Bodybuilders and BMI

With so much competing information about what a healthy body is or looks like, it’s no wonder the subject calls for both confusion and sensitivity. When looking at BMI (Body Mass Index), you can generally tell whether someone is below, above, or within a healthy weight range. However, the BMI’s ability to place more muscular individuals appropriately is a question mark, since increased muscle mass is just factored in as additional weight. The Center for Disease Control (CDC) points out that the tool might only serve as a rough guide for athletes, and recommends partnering with a health care professional.

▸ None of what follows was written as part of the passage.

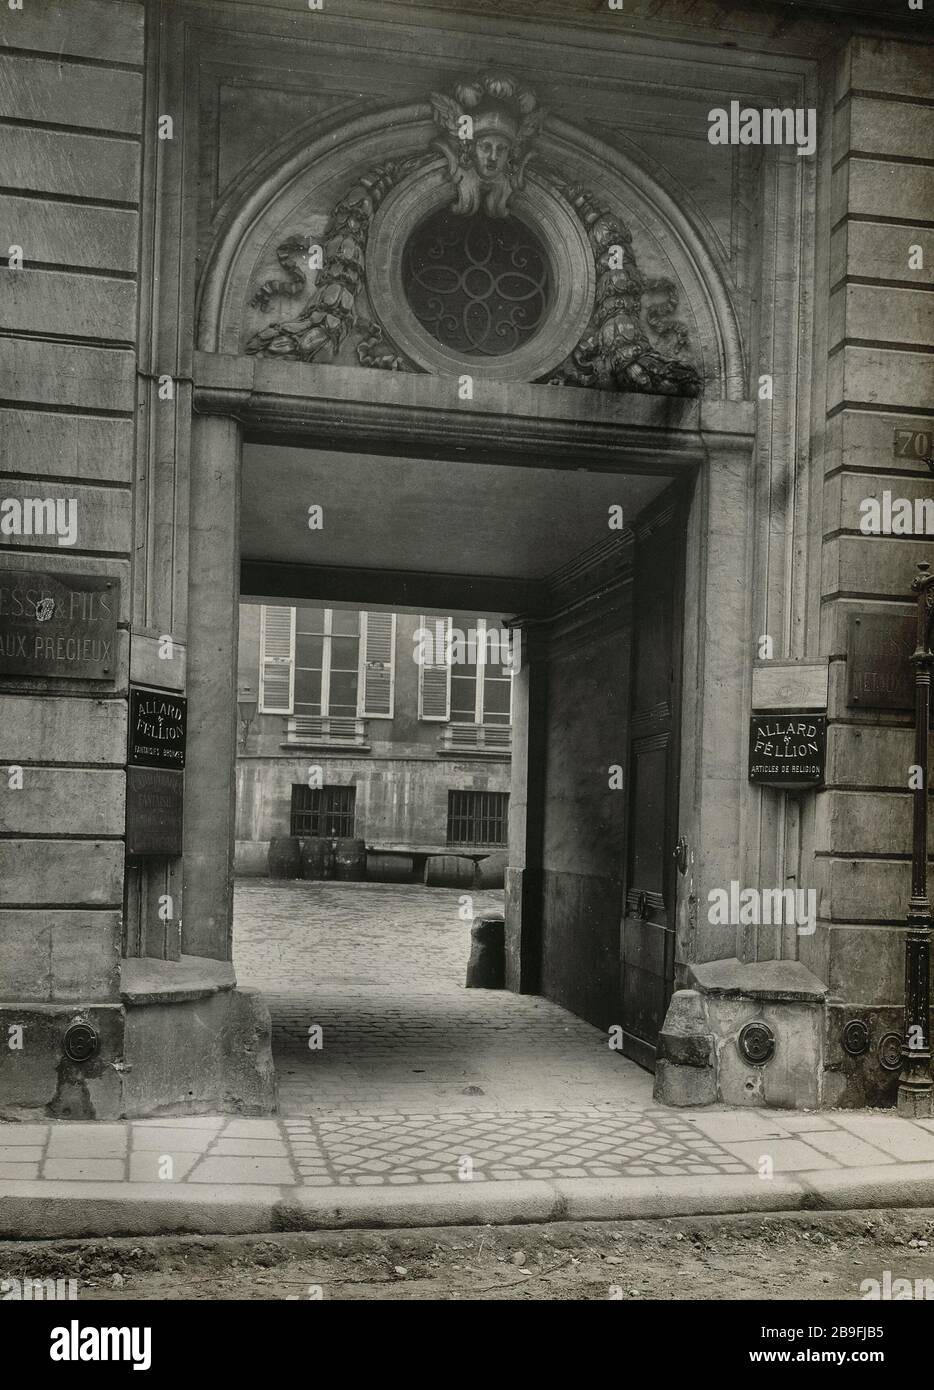 70 RUE DES ARCHIVES 70, rue des Archives. Paris (IIIème arr.). Photographie de Charles Lansiaux (1855-1939). Paris, musée Carnavalet. Stock Photo

Only one Mr. Olympia, Frank Zane, had a BMI that was close to that of an average American man. Ronnie Coleman, on the other hand, was winning Mr. Olympia competitions in the late 1990s through mid-2000s with a BMI that technically classified as “obese.” We charted the average American male overtime to reflect the changes in their BMI relatively to the years.

Conclusion

Bodybuilding can be a safe sport, but it glamorizes the unhealthy pursuit of an unnaturally obtainable physique. Many of these competitors have to rely on steroids, while gambling with its dangerous side effects, in their pursuit of a body that aligns with the standards of their competitors.

Just because they are winning competitions based on looks and lifts, doesn’t mean that these bodybuilders are models of perfection. Its likely they’re carrying the heavy burden of body image issues by themselves. Don’t fight this battle alone. Find support with Bulimia.com via the web, or by phone at 1-888-232-6949, to learn more about these conditions and how we can help.

Methodology

We gathered historical measurements of Mr. Olympia winners from 1965 to 2016. Measurements for the average American man were obtained from the Anthropometric Reference Data for Children and Adults report from the CDC for available years between 1965 and 2016. The average man’s height and weight reflect men aged between 20 and 74. BMI was calculated using the formula weight (lb.) / [height (in)]2 x 703.